Object. Results of recent studies indicate that erythropoietin (EPO) produces a neuroprotective effect on experimental subarachnoid hemorrhage (SAH). It has been reported that S-100 protein levels increase in cerebrospinal fluid (CSF) after SAH, providing a highly prognostic indication of unfavorable outcome. This study was conducted to validate further the findings of S-100 protein as an index of brain damage and to assess whether treatment with recombinant human EPO (rhEPO) would limit the increase of S-100 protein level in CSF following experimental SAH.

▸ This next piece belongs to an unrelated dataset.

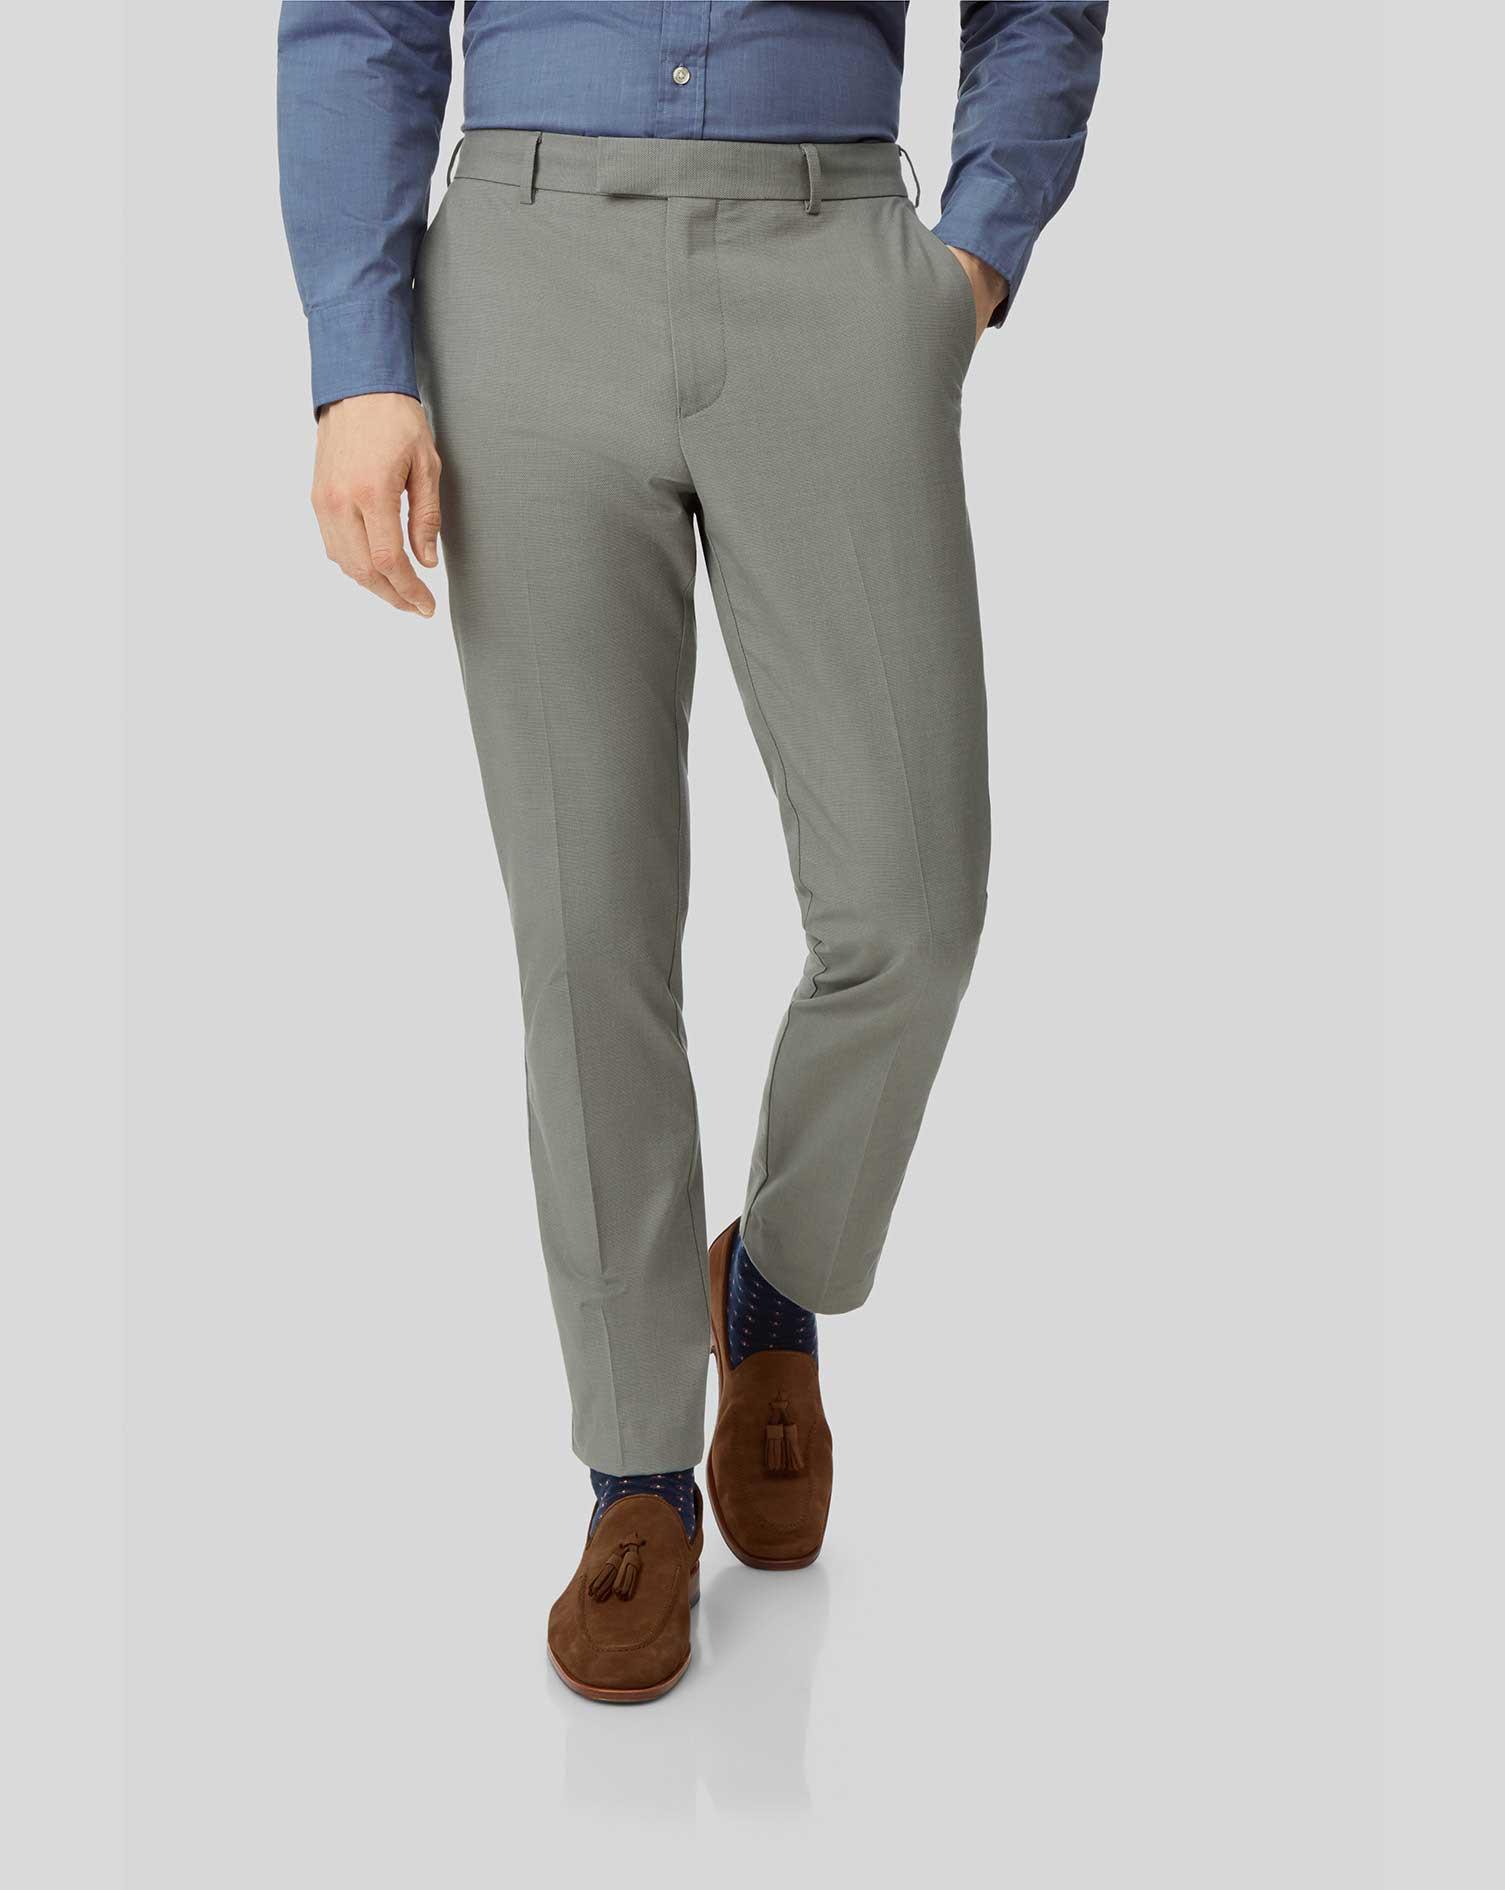 Cotton Non-Iron Stretch Trousers - Green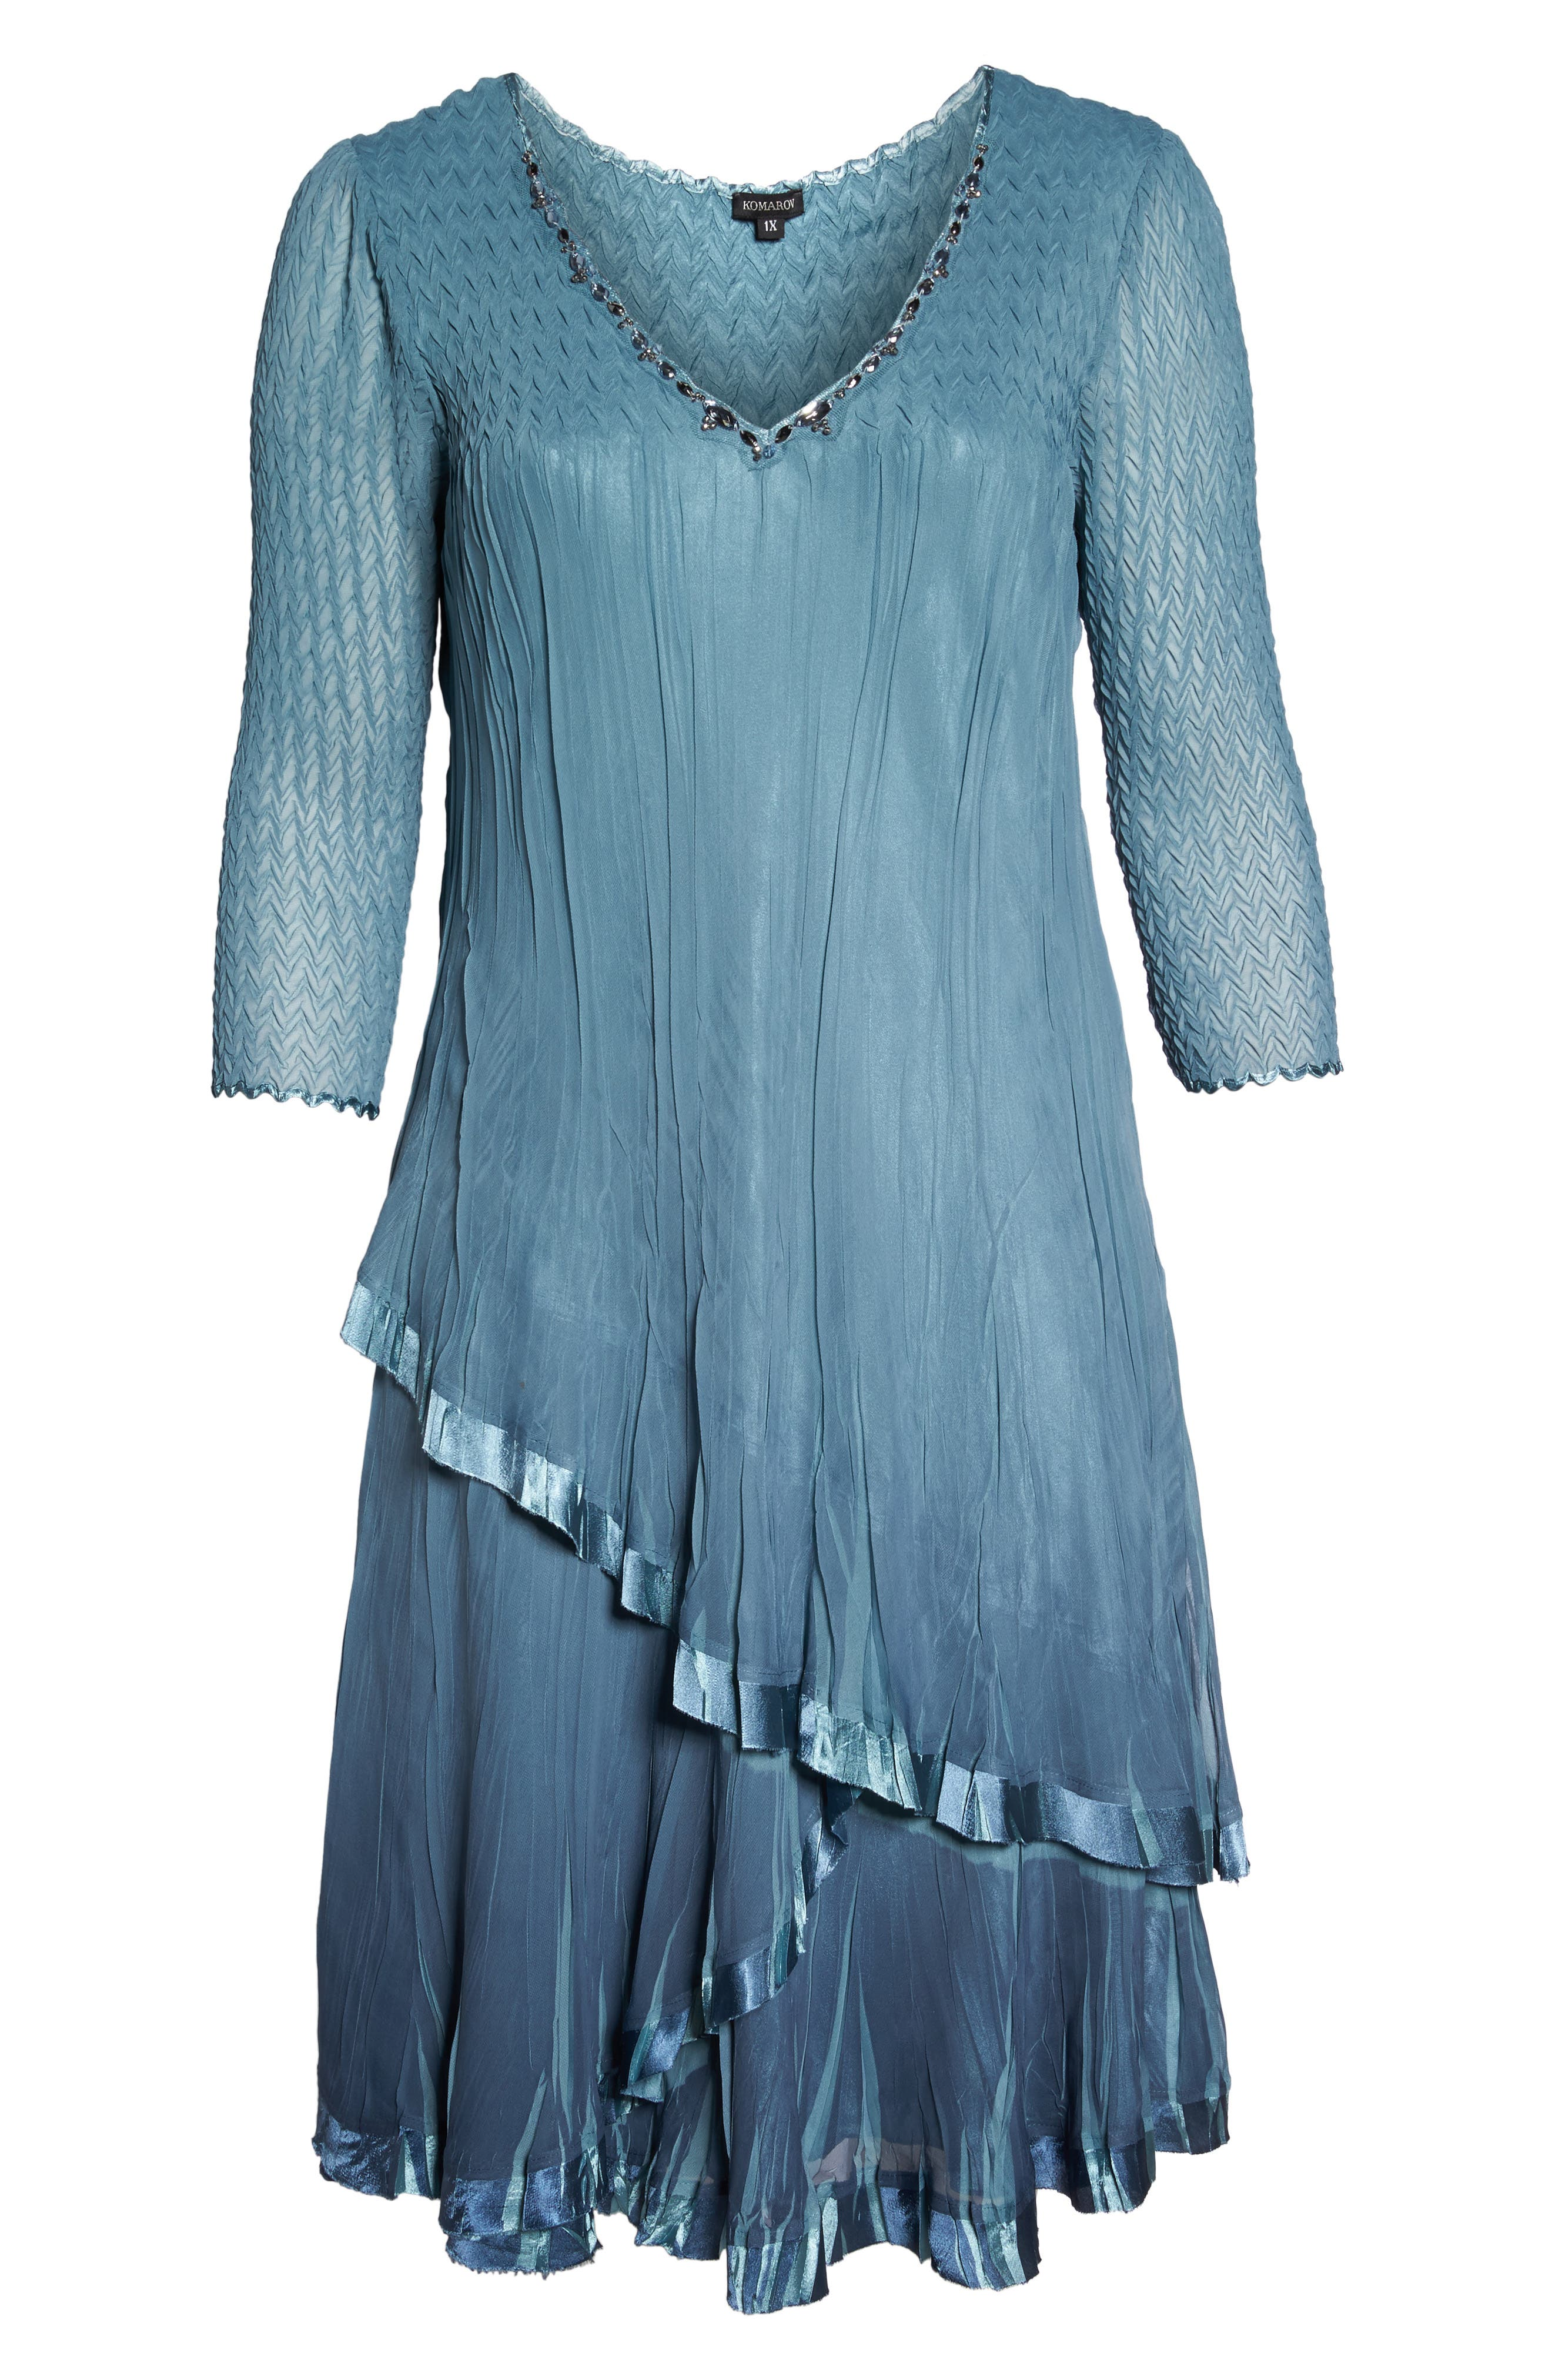 KOMAROV,                             Bead Trim Tiered Chiffon Dress,                             Alternate thumbnail 6, color,                             405

Methods. Thirty-two rabbits were each assigned to one of four groups: Group 1, control; Group 2, SAH; Group 3, SAH plus placebo; and Group 4, SAH plus rhEPO (each group consisted of eight rabbits). The rhEPO and placebo were administered to the rabbits after SAH had been induced, and S-100 protein levels in the CSF of these animals were measured at 24, 48, and 72 hours after the experimental procedure. In each group of animals levels of S-100 protein were compared with the mortality rate, neurological outcome, and neuronal ischemic damage. High S-100 protein levels were found in rabbits in Groups 2 and 3, which exhibited poor neurological status and harbored a high number of damaged cortical neurons. Favorable neurological outcome and significant reductions in total numbers of damaged neurons were observed in animals in Group 4 in which there were significantly lower S-100 protein concentrations compared with animals in Groups 2 and 3 (p < 0.001).

Conclusions. The results of this study support the concept that determination of the S-100 protein level in CSF has prognostic value after SAH. The findings also confirm that rhEPO acts as a neuroprotective agent during experimental SAH.